Anthropic hasn't yet clarified whether Claude Mythos Preview scans open-source repositories directly or discovers open-source vulnerabilities when partner organizations' code incorporates those open-source components. Either way, coordinating fixes becomes complicated when the same software is used by dozens or hundreds of downstream organizations across different countries.

International and Industry Attention

The fact that 15 countries are now involved signals growing international interest in using AI for cybersecurity. The software industry and government officials are already discussing both the promise of AI-assisted security and the risks—namely, that the same technology that can find vulnerabilities could potentially be misused to create them.

The geographic spread could complicate vulnerability disclosure protocols, especially when flaws are discovered in software used across different regulatory jurisdictions where rules and timelines differ.

Questions Still Unanswered

Anthropic has published documentation about how Claude Mythos Preview works, but some technical details remain unclear. The exact relationship between Claude Mythos Preview and Anthropic's standard Claude models isn't spelled out. Whether Mythos Preview is a specialized version fine-tuned for security work, an entirely different model, or a toolset layered on top of existing capabilities could matter for how well it works and how it might evolve.

One especially important practical question: how many false positives does the system produce. Automated scanning tools have historically struggled with false alarms—flagging code as vulnerable when it actually isn't. When security teams are presented with thousands of potential issues to investigate, too many false leads can waste their time and weaken their confidence in the tool. Anthropic hasn't disclosed much about this yet.

What Scaling Up Will Test

Moving from 50 initial partners to 200 is a significant test of both the technical infrastructure supporting Claude Mythos Preview and the operational systems around managing and coordinating vulnerability disclosure. If the tool continues finding high-severity flaws at the same rate across this larger group, Anthropic and its partners will need to manage substantially larger volumes of security issues being reported and fixed simultaneously.

The company's interest in scaling to open-source software suggests recognition that partner-focused scanning alone won't address ecosystem-wide security. Open-source components spread across multiple organizations at once, so a single vulnerability discovered in a widely-used library could need coordinated fixes across dozens or hundreds of organizations.
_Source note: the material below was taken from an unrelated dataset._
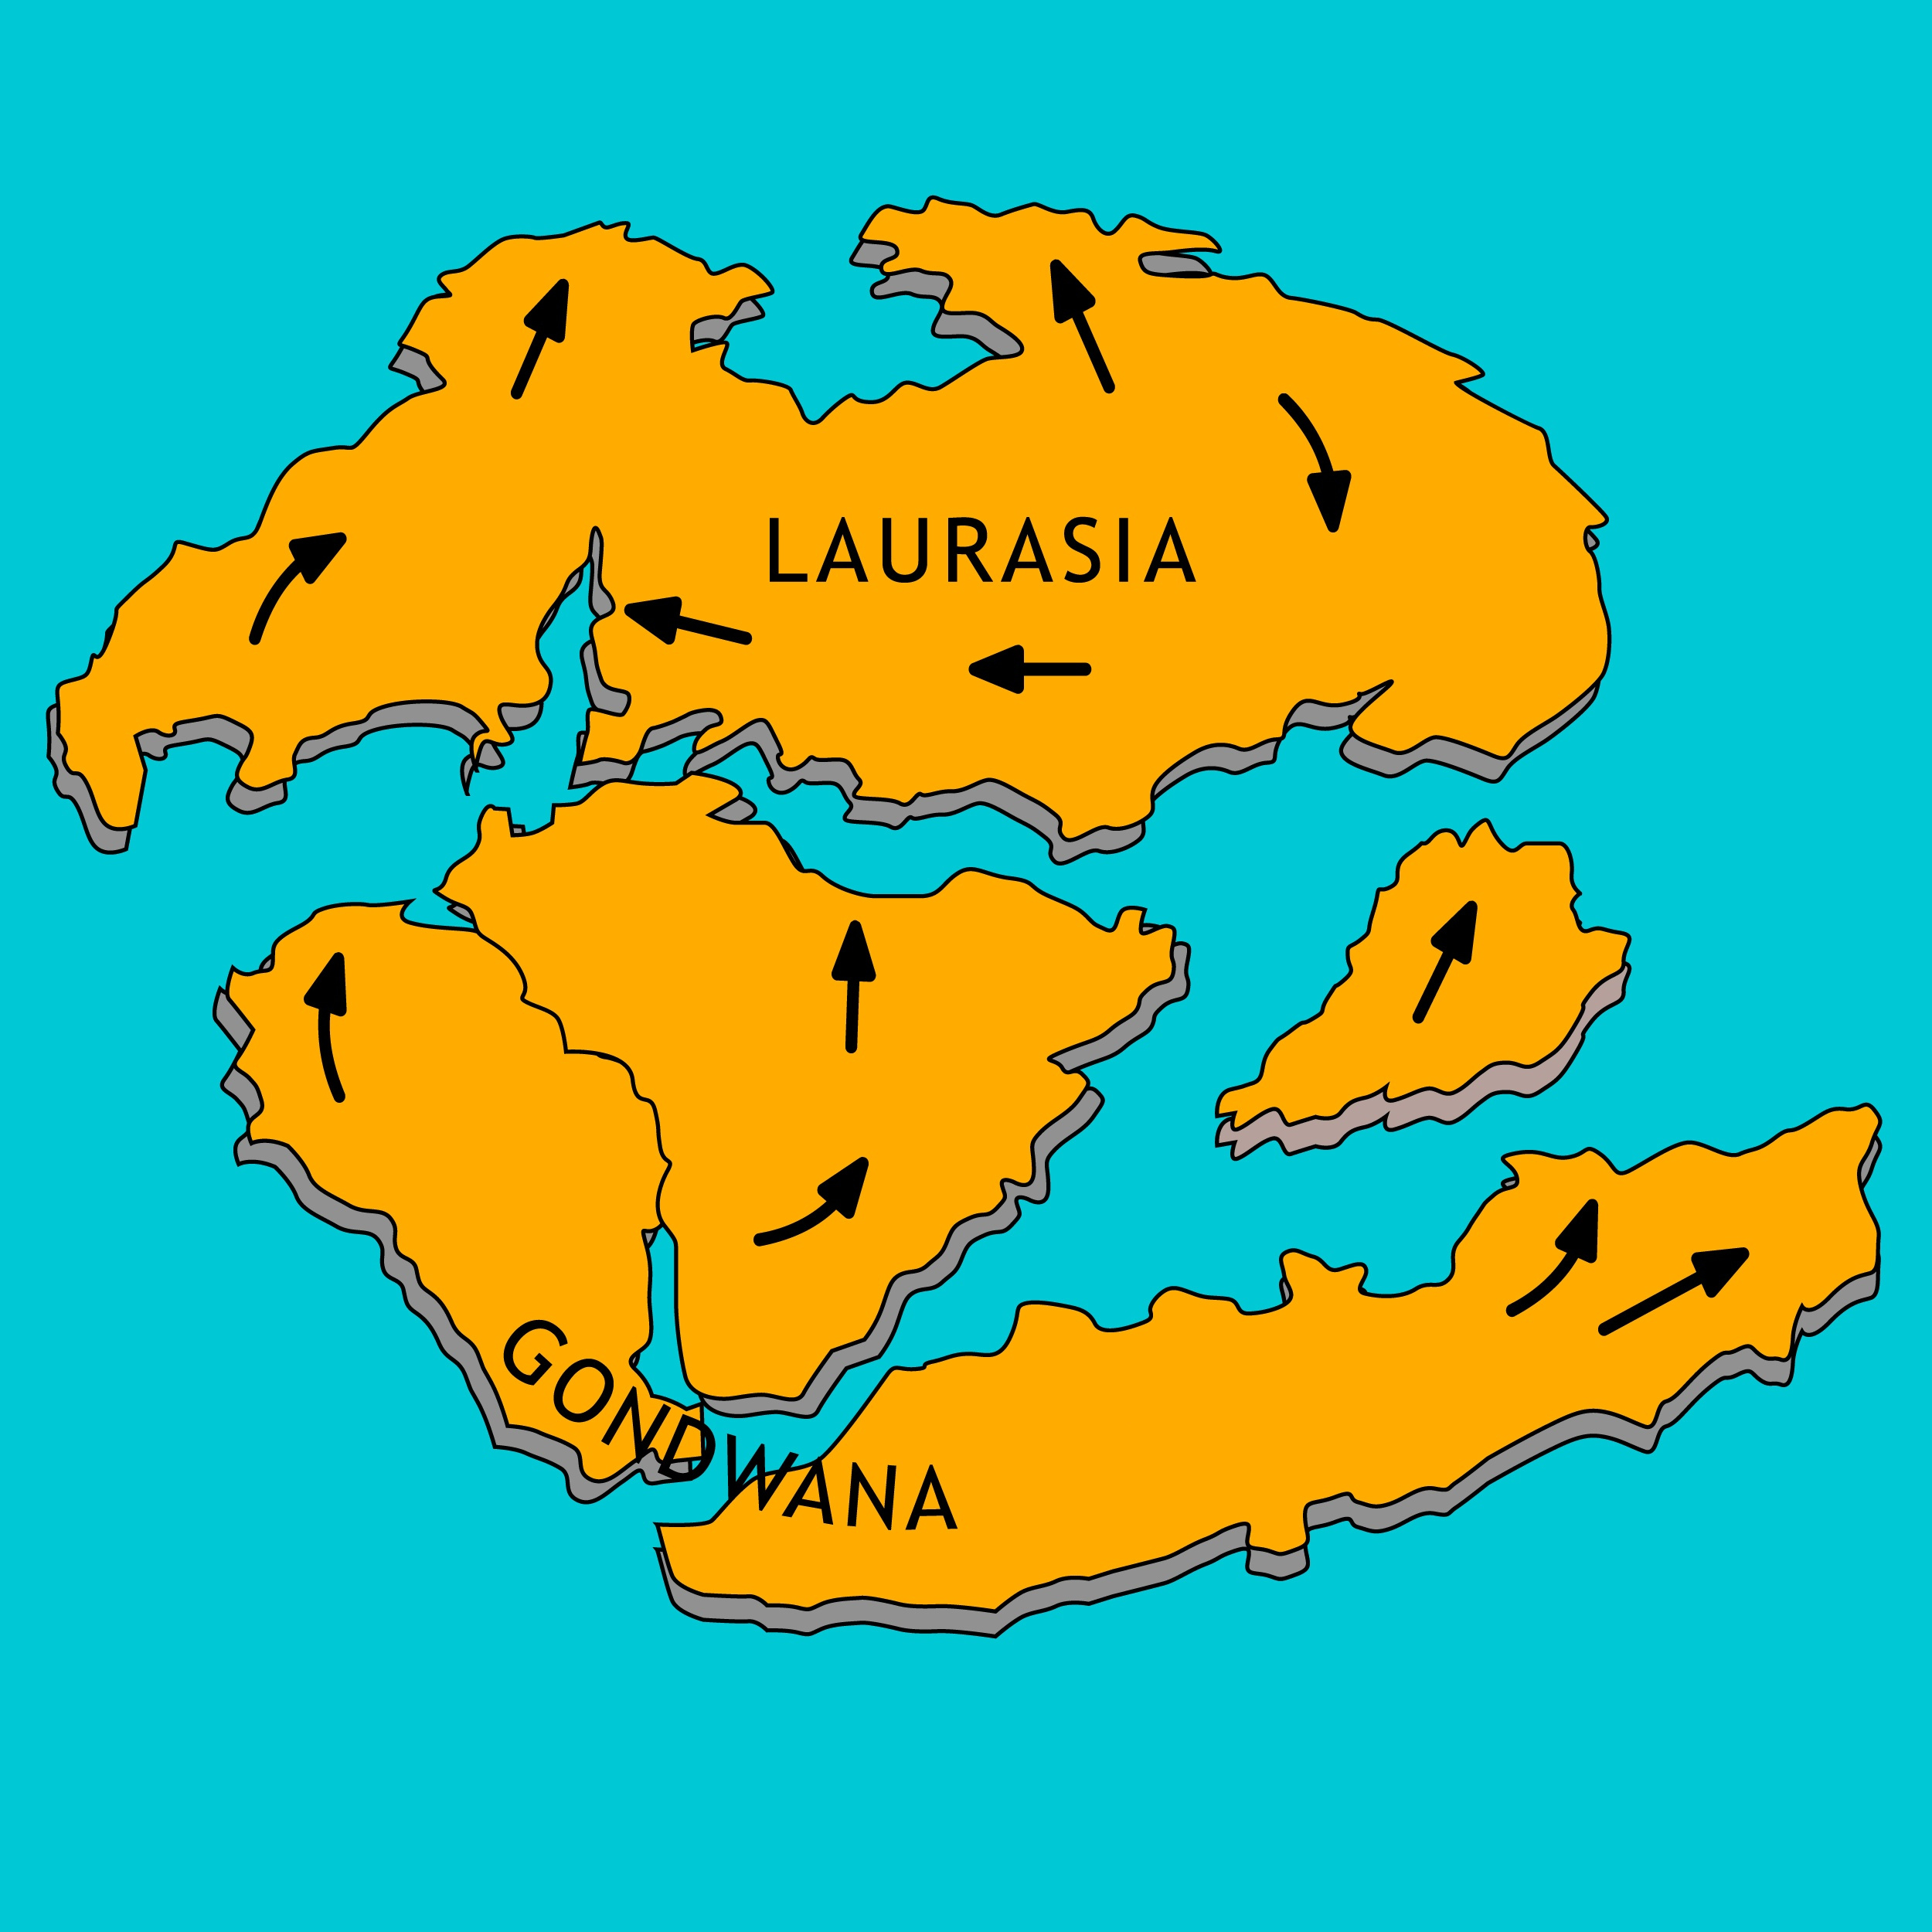 Division de Pangea formando dos continentes llamados Gondwana y Laurasia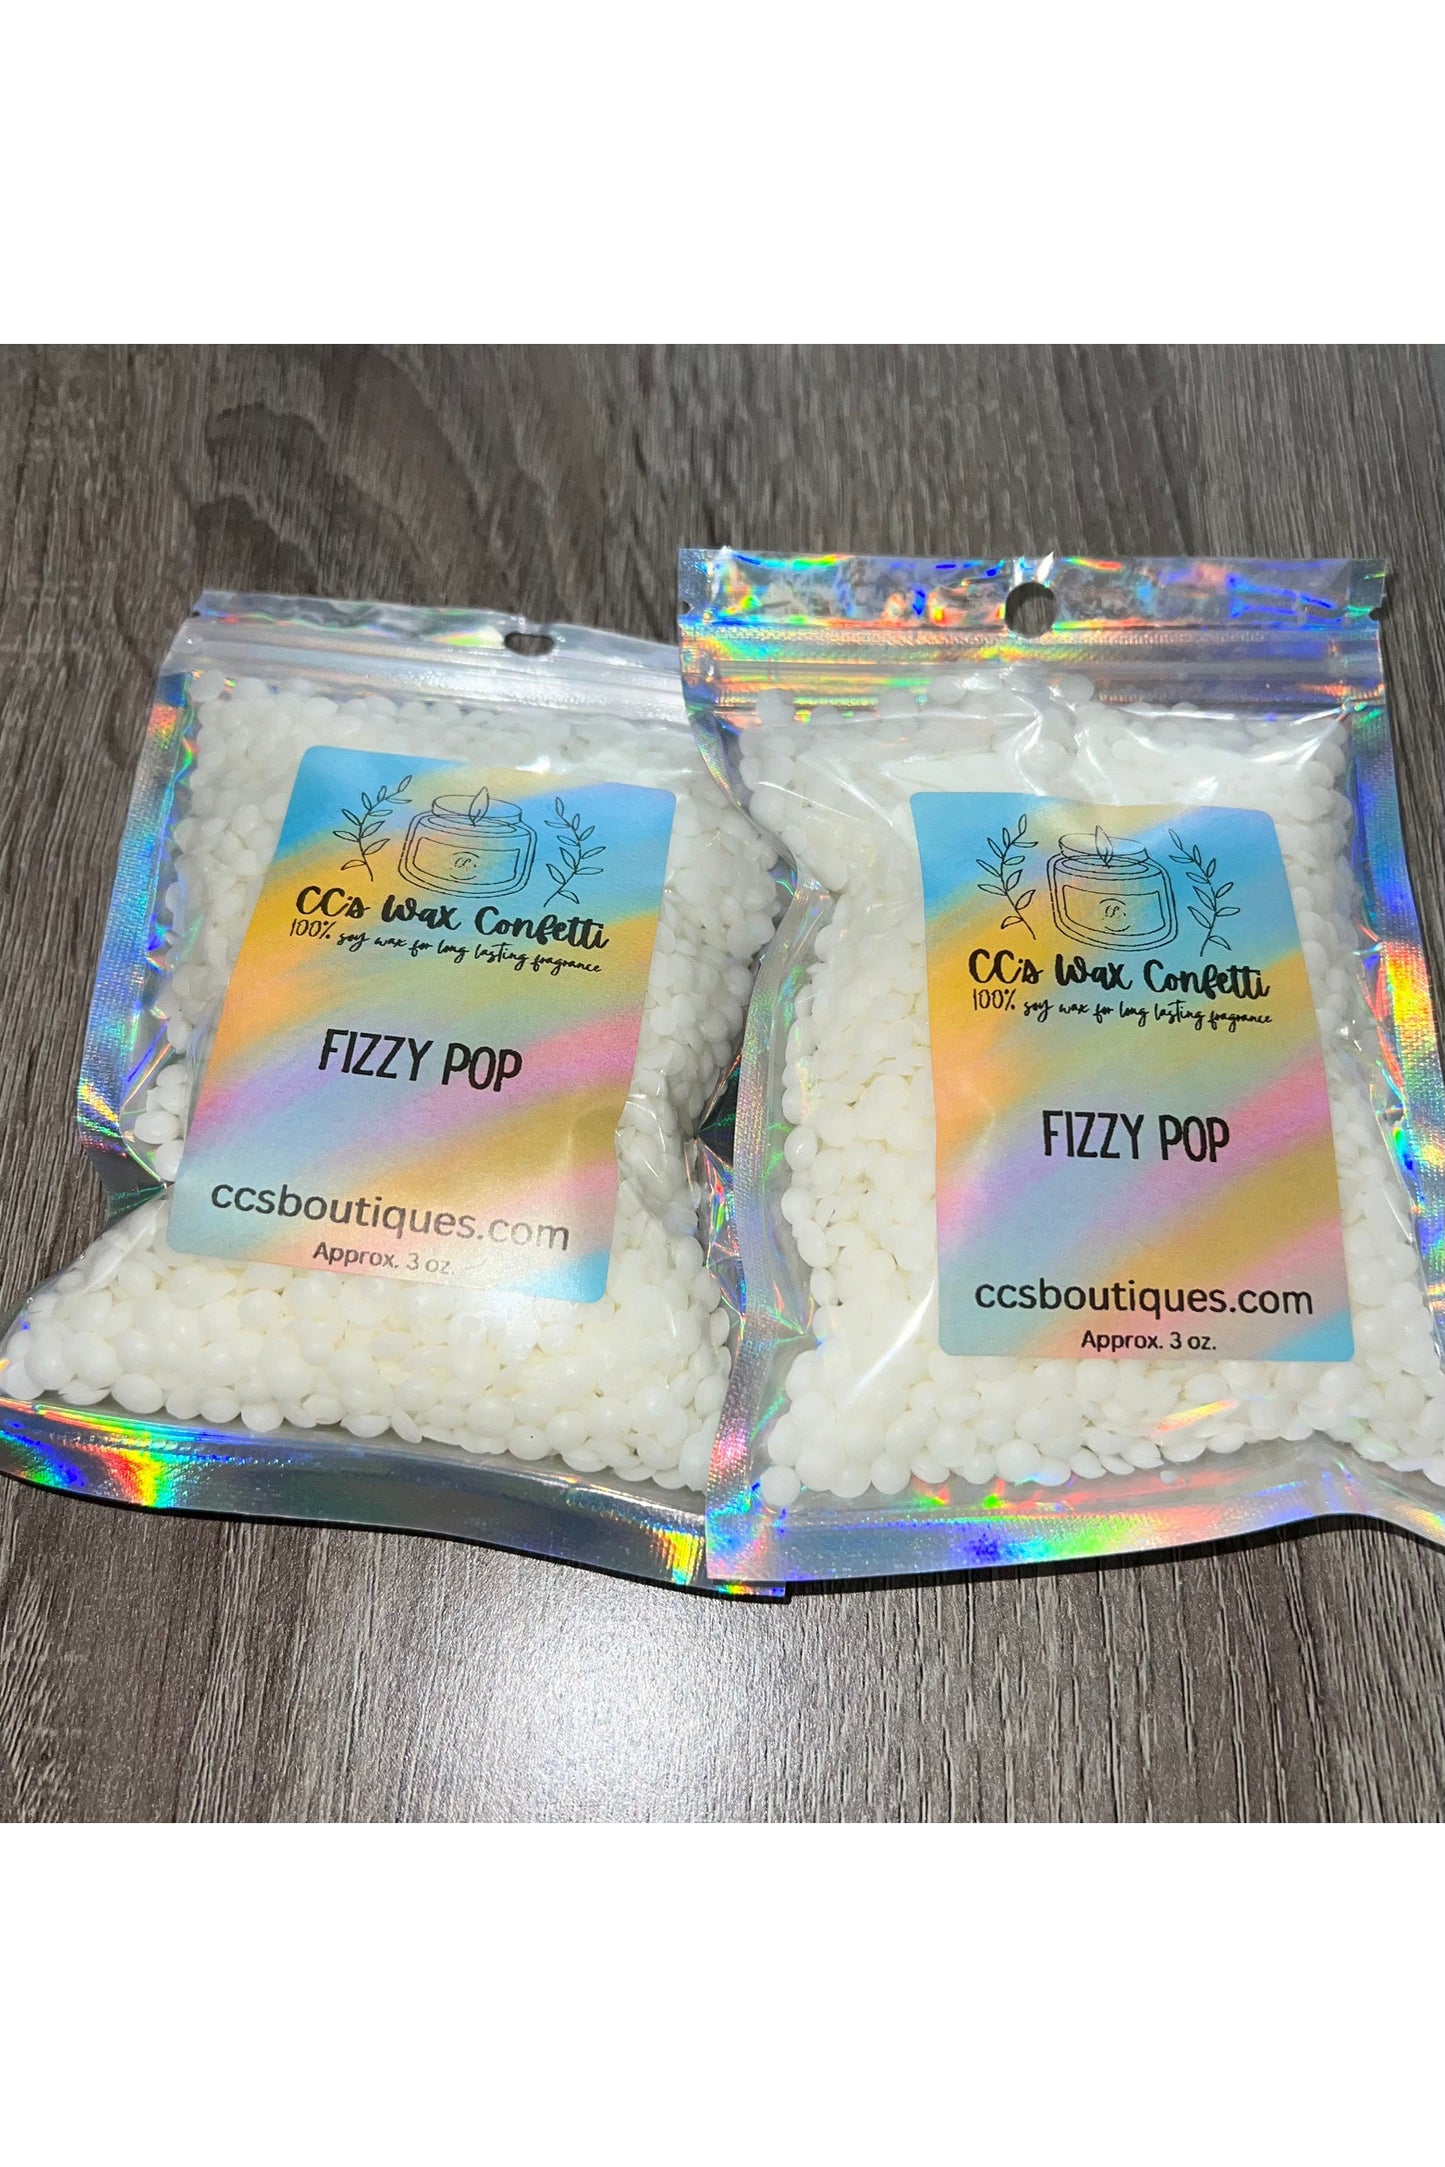 Fizzy Pop Confetti Wax Melts

This coordination problem has happened before in major open-source security incidents, but AI-powered discovery at Project Glasswing's scale could strain existing disclosure protocols. The software industry may eventually need new frameworks specifically for managing vulnerabilities that AI systems uncover at volume—particularly in critical infrastructure components used across many organizations and countries.

The expansion announced in June positions Project Glasswing as both a real-world defensive security program and a test of how AI systems can be deployed in high-stakes environments. How well the program scales and coordinates vulnerability disclosure across 200 organizations in 15 countries will likely shape both Anthropic's approach to AI safety in the future and broader industry practices around using AI for security work.